To do
Could you write out, exactly as they stand, only the lines in the listing below from the line with "El aparato respiratorio y su funcionamiento" to the line with "T-shirt Être Nordiste c'est mieux", both ends included, without the pictures?

Records supplied
━━━
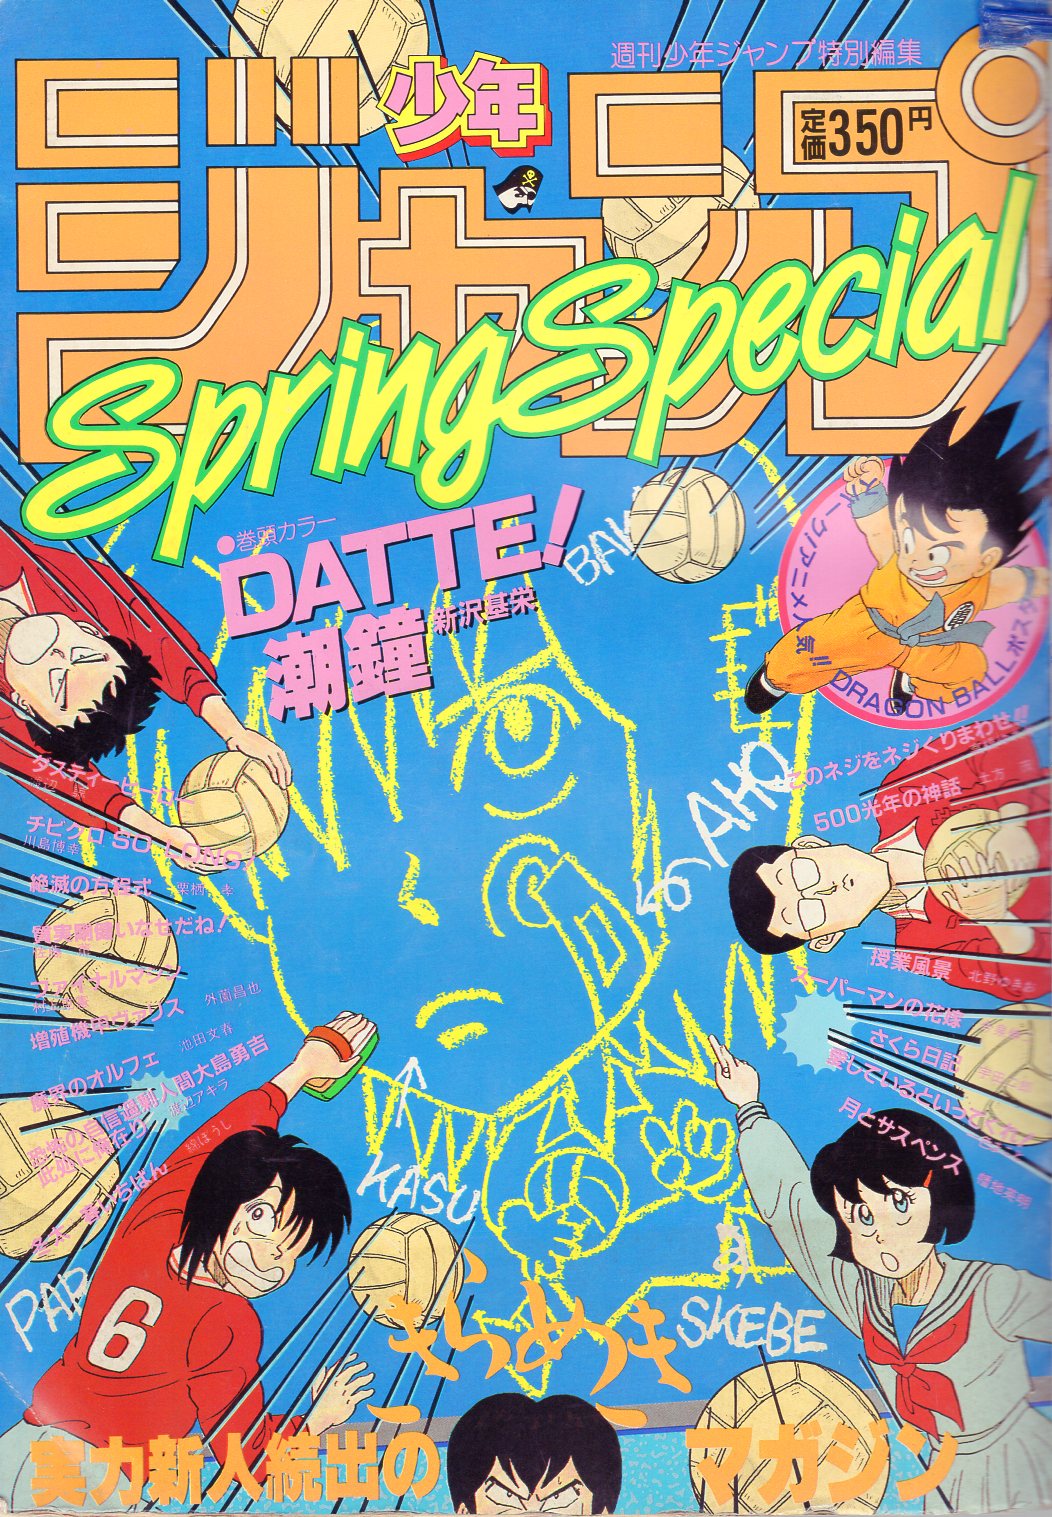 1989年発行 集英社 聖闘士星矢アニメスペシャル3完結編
━━━
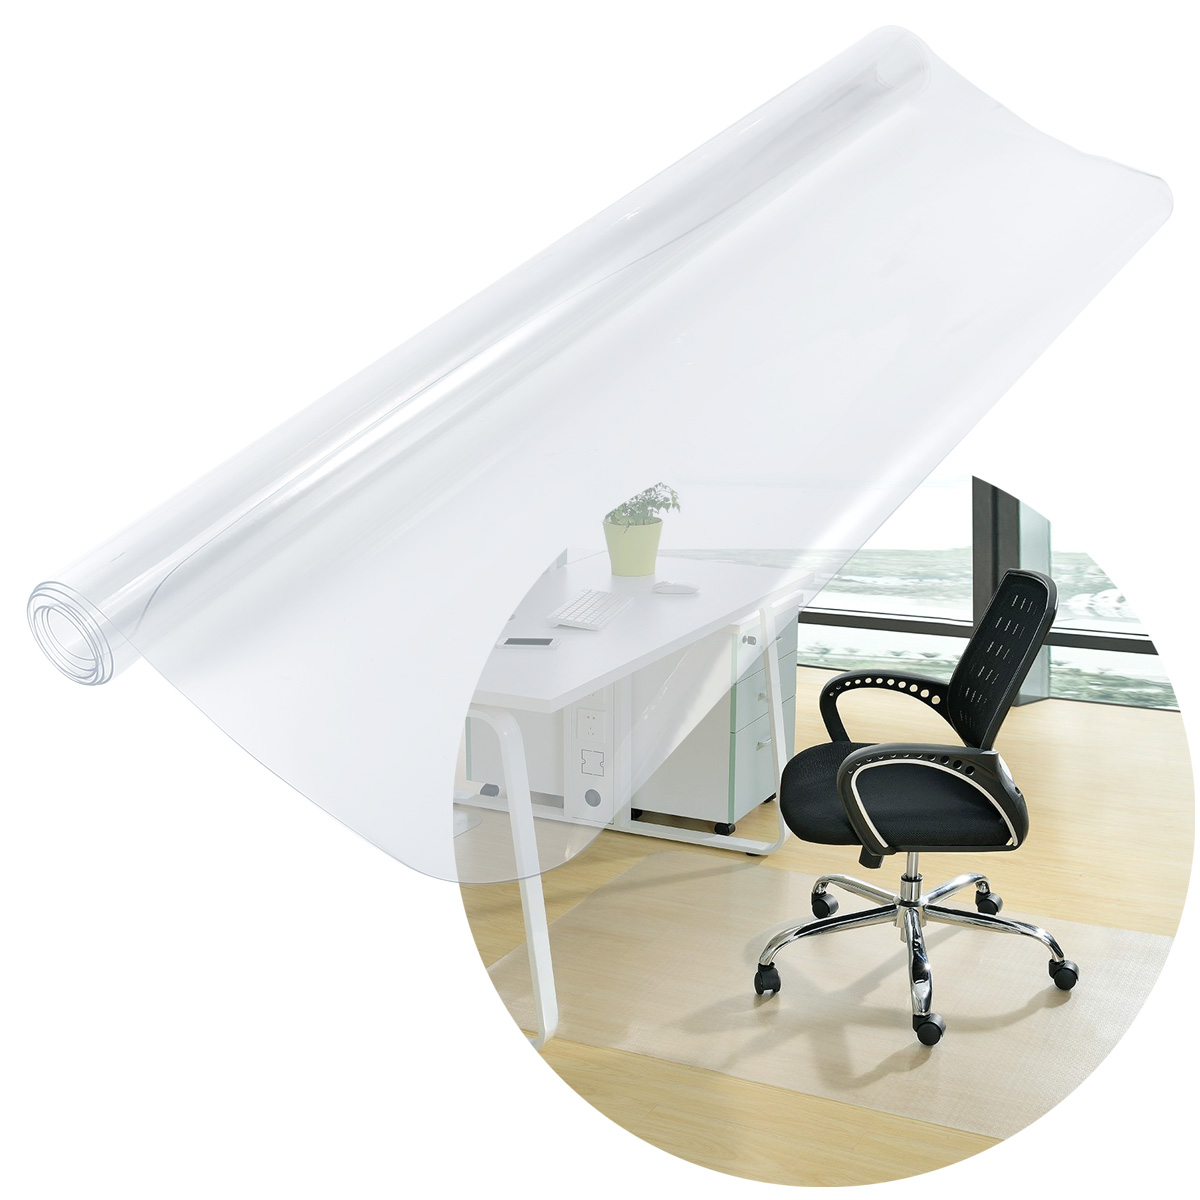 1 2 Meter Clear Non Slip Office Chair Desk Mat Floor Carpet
━━━
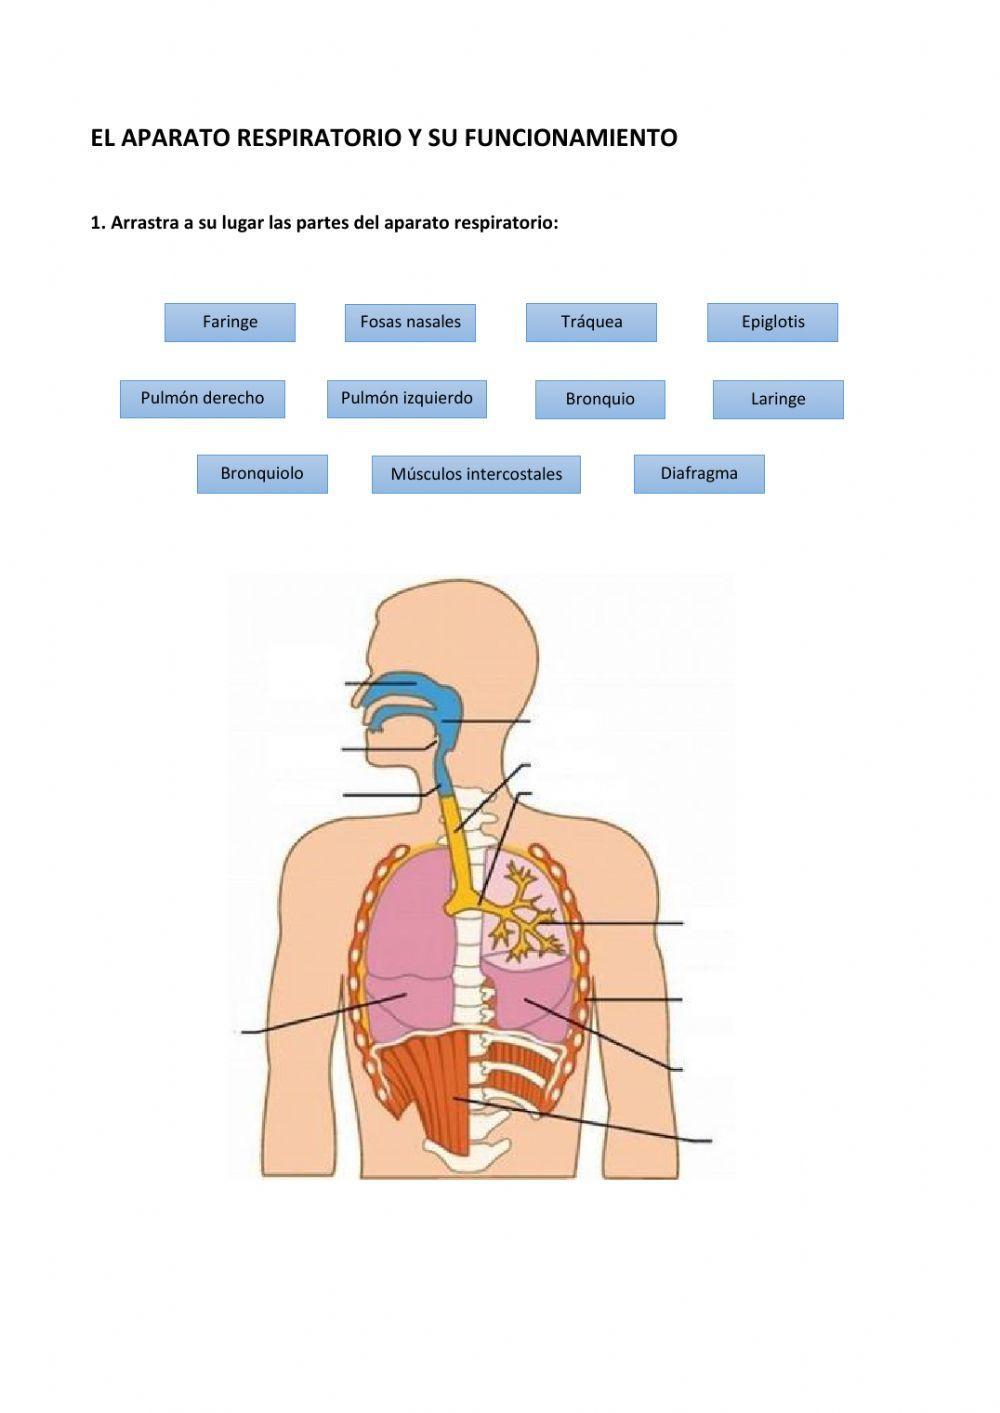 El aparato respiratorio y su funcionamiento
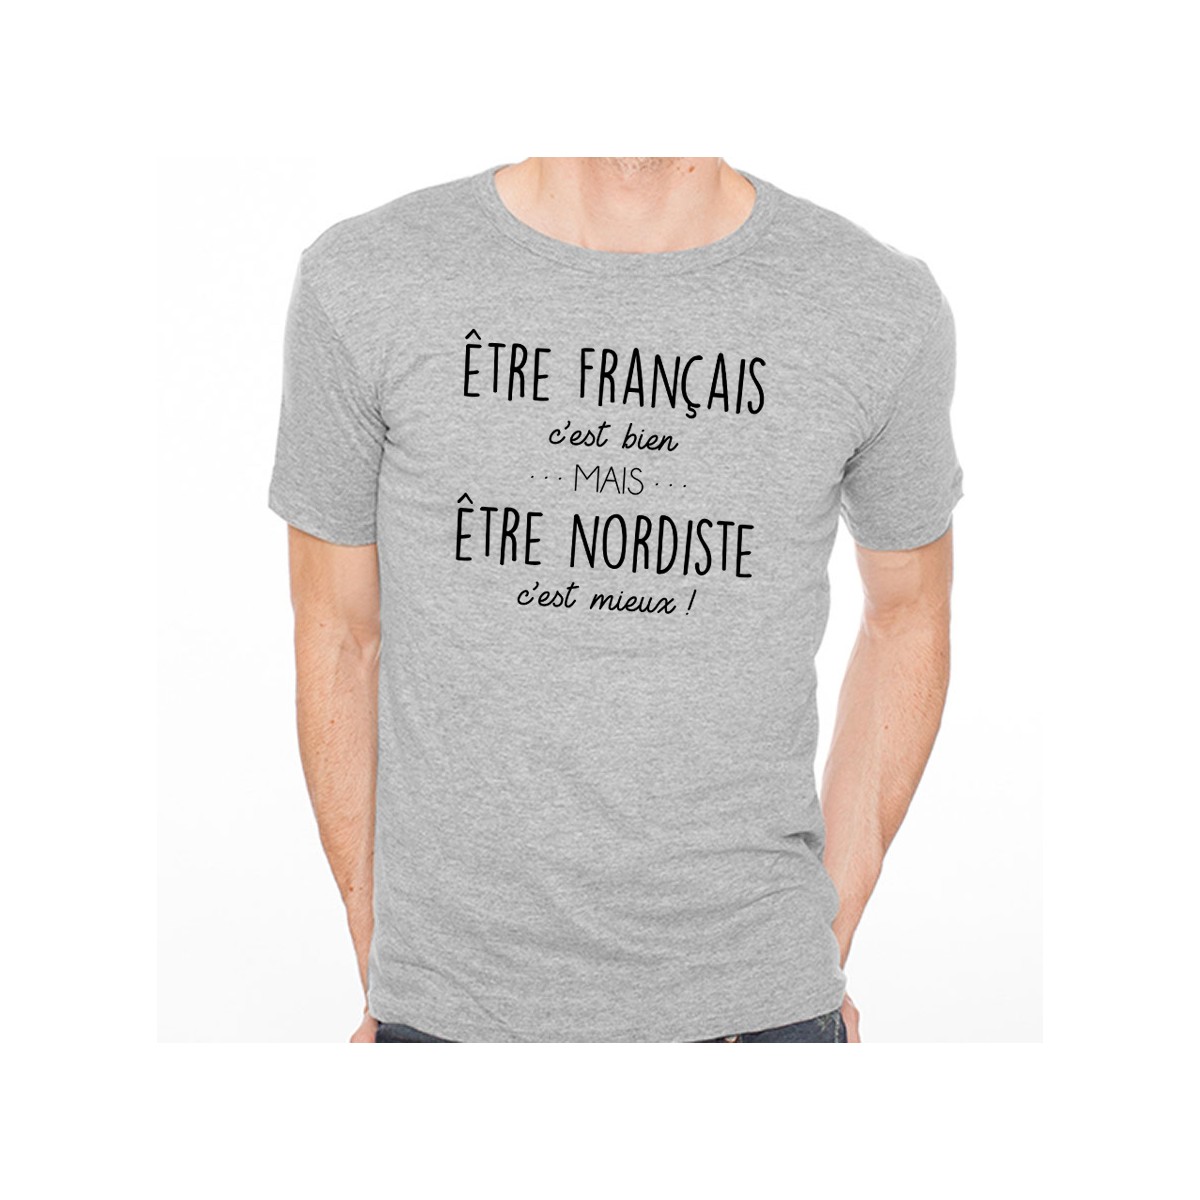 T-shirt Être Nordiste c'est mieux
━━━
Answer
 El aparato respiratorio y su funcionamiento
 T-shirt Être Nordiste c'est mieux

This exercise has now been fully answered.